--- Dataset section Enclosed Below ---

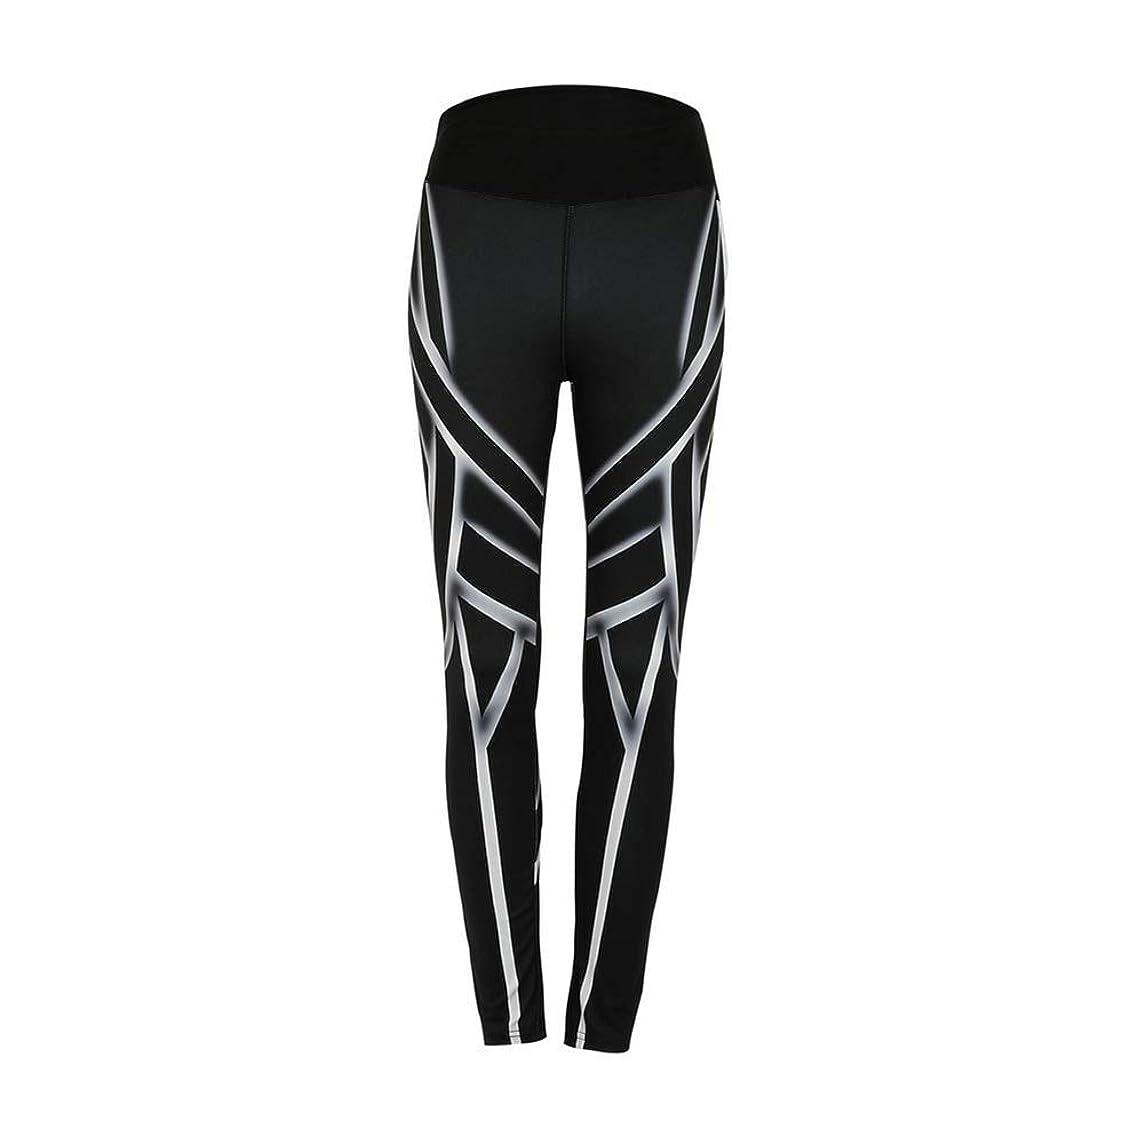 eroute66 High Waist Lines Printed Women Sport Fitness Yoga Leggings Slim Pencil Pants - Black S
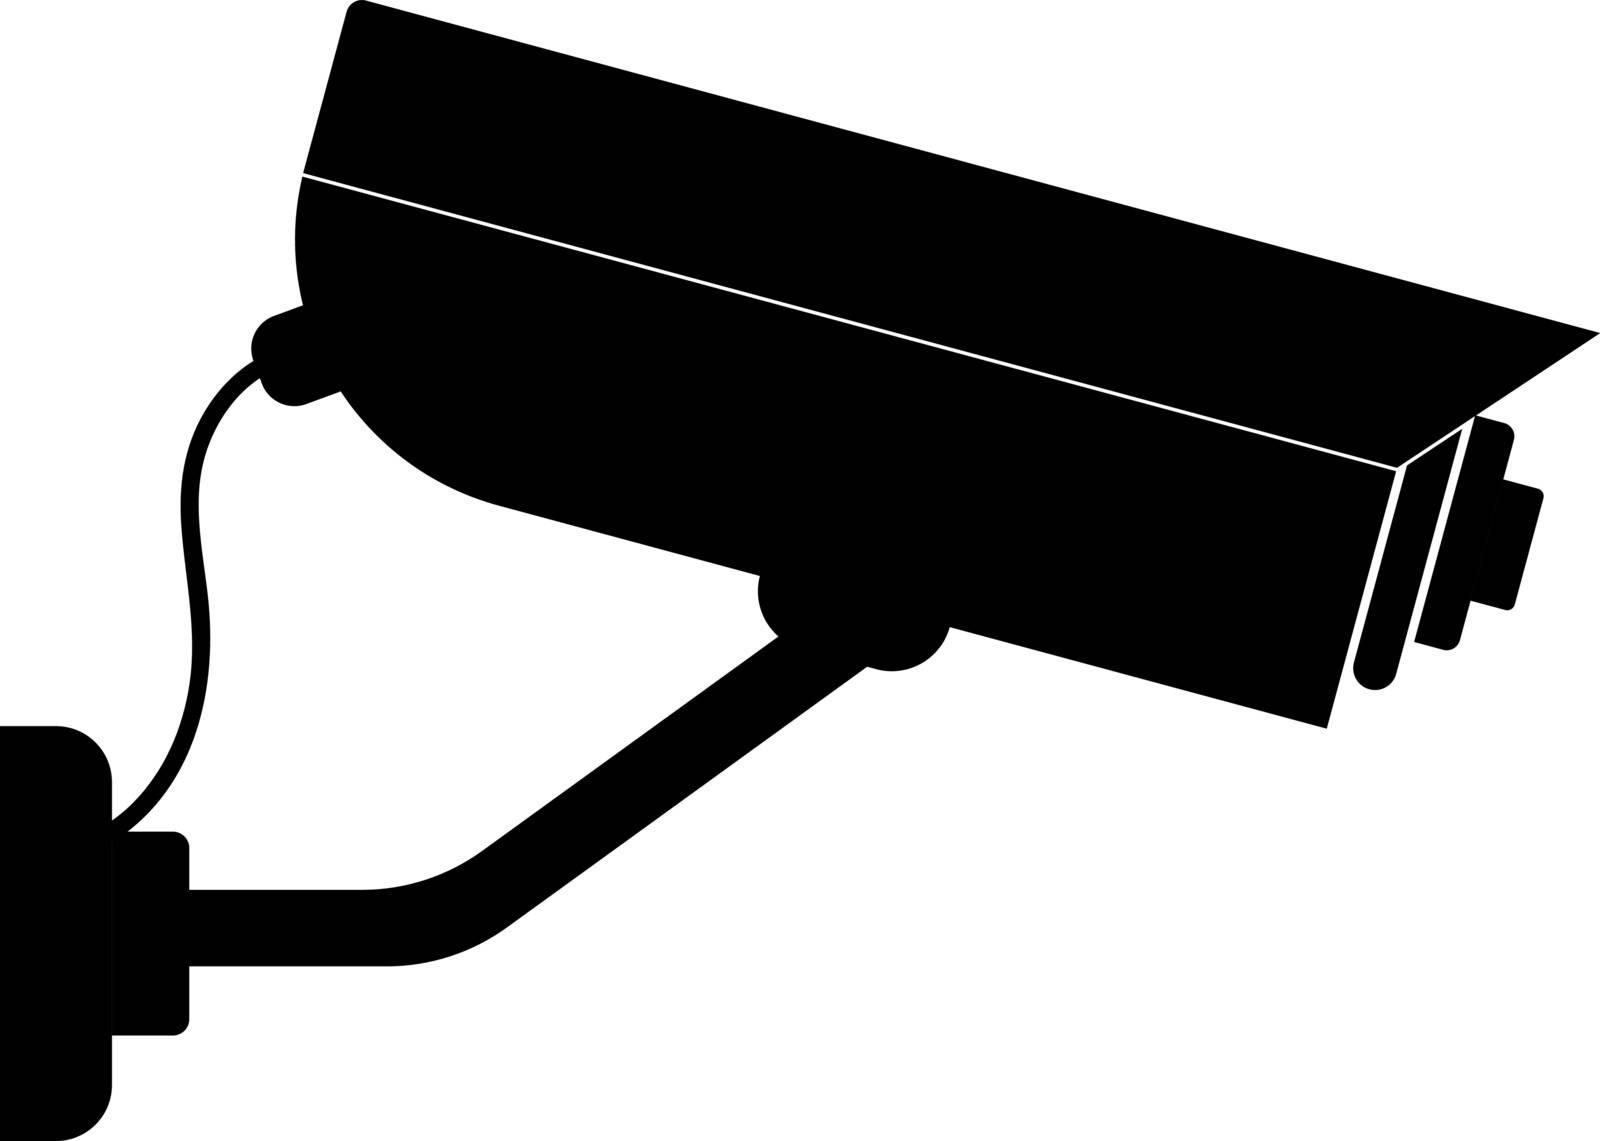 Illustration of video surveillance icon on white background
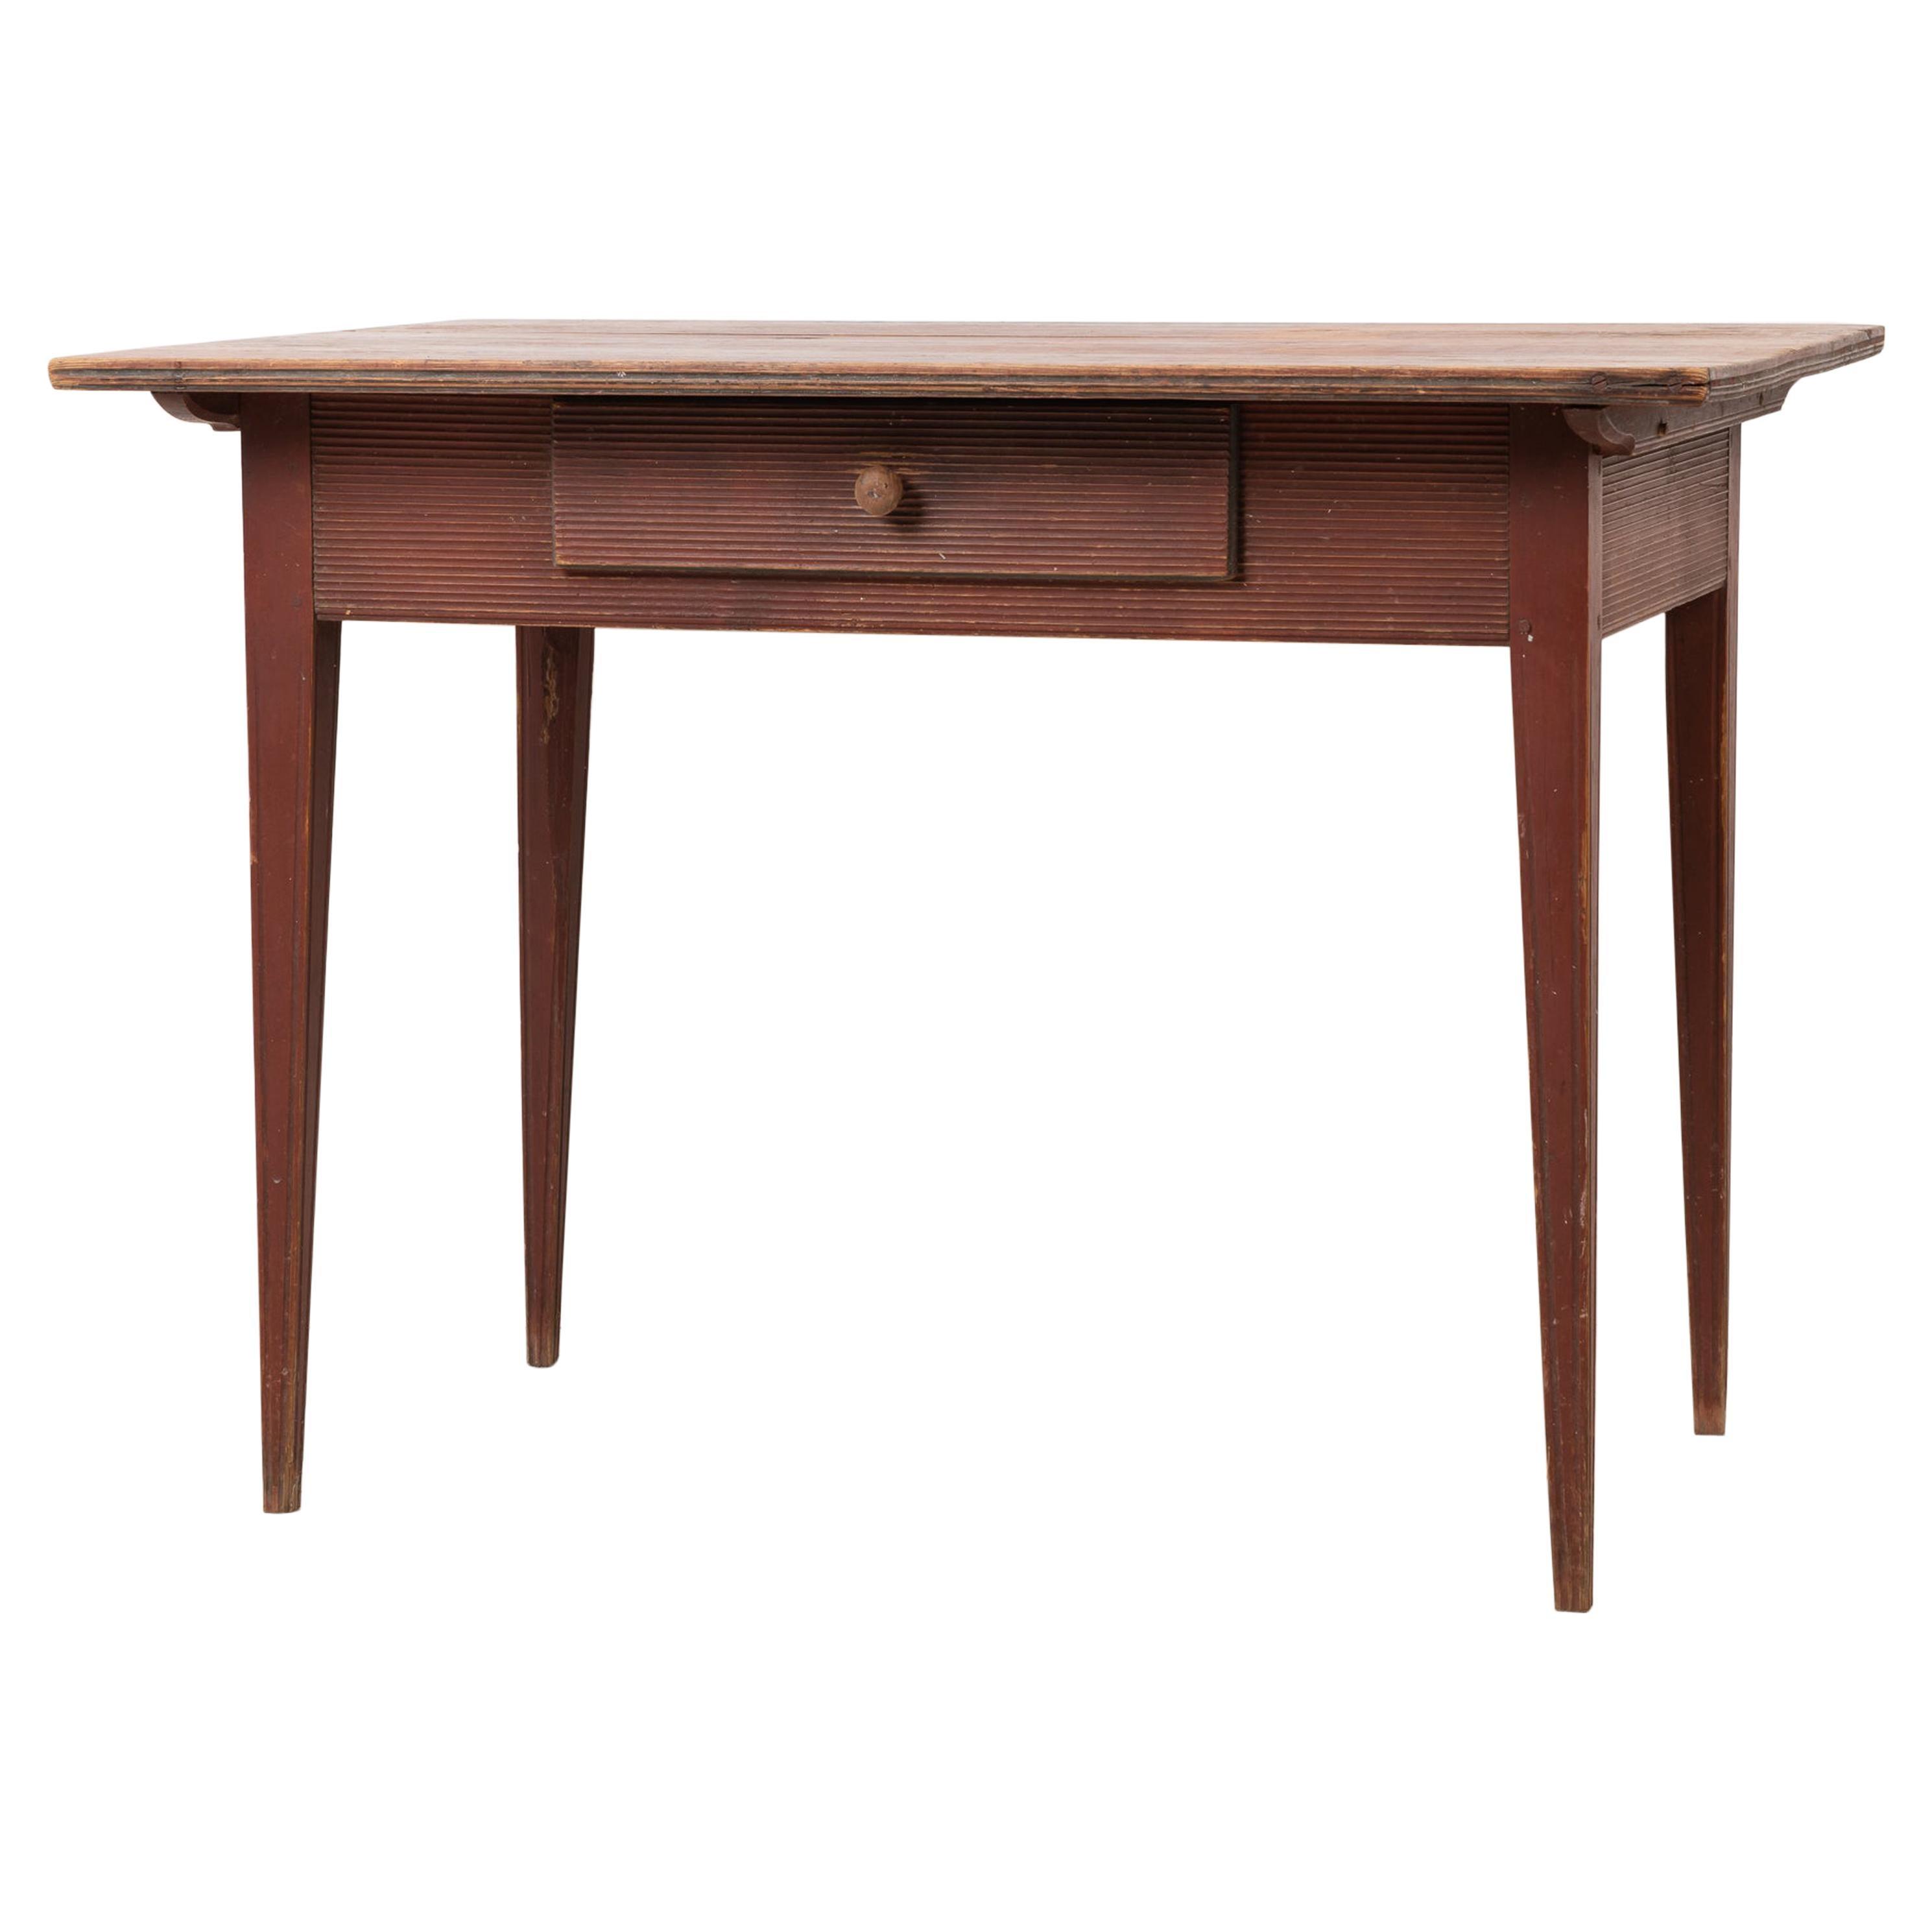 Late 18th Century Original Neoclassical Table
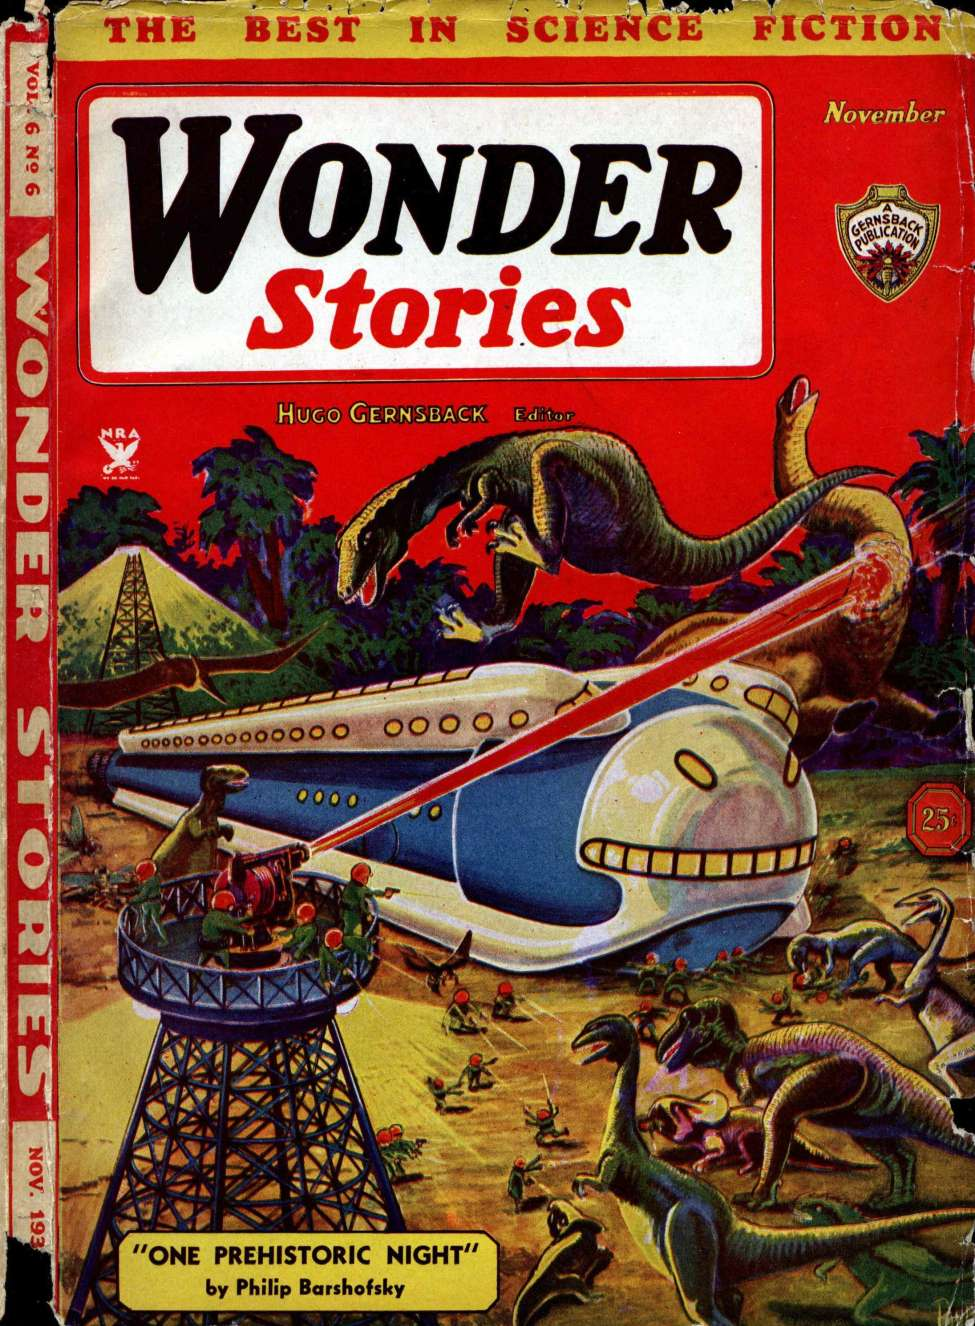 Comic Book Cover For Wonder Stories v6 06 - Dawn to Dusk - Eando Binder

--- End of Enclosed Dataset section ---

**Instructions for the task**
Without the pictures, write out every line above exactly as it appears.

**Answer**
 eroute66 High Waist Lines Printed Women Sport Fitness Yoga Leggings Slim Pencil Pants - Black S
 Illustration of video surveillance icon on white background
 Late 18th Century Original Neoclassical Table
 Comic Book Cover For Wonder Stories v6 06 - Dawn to Dusk - Eando Binder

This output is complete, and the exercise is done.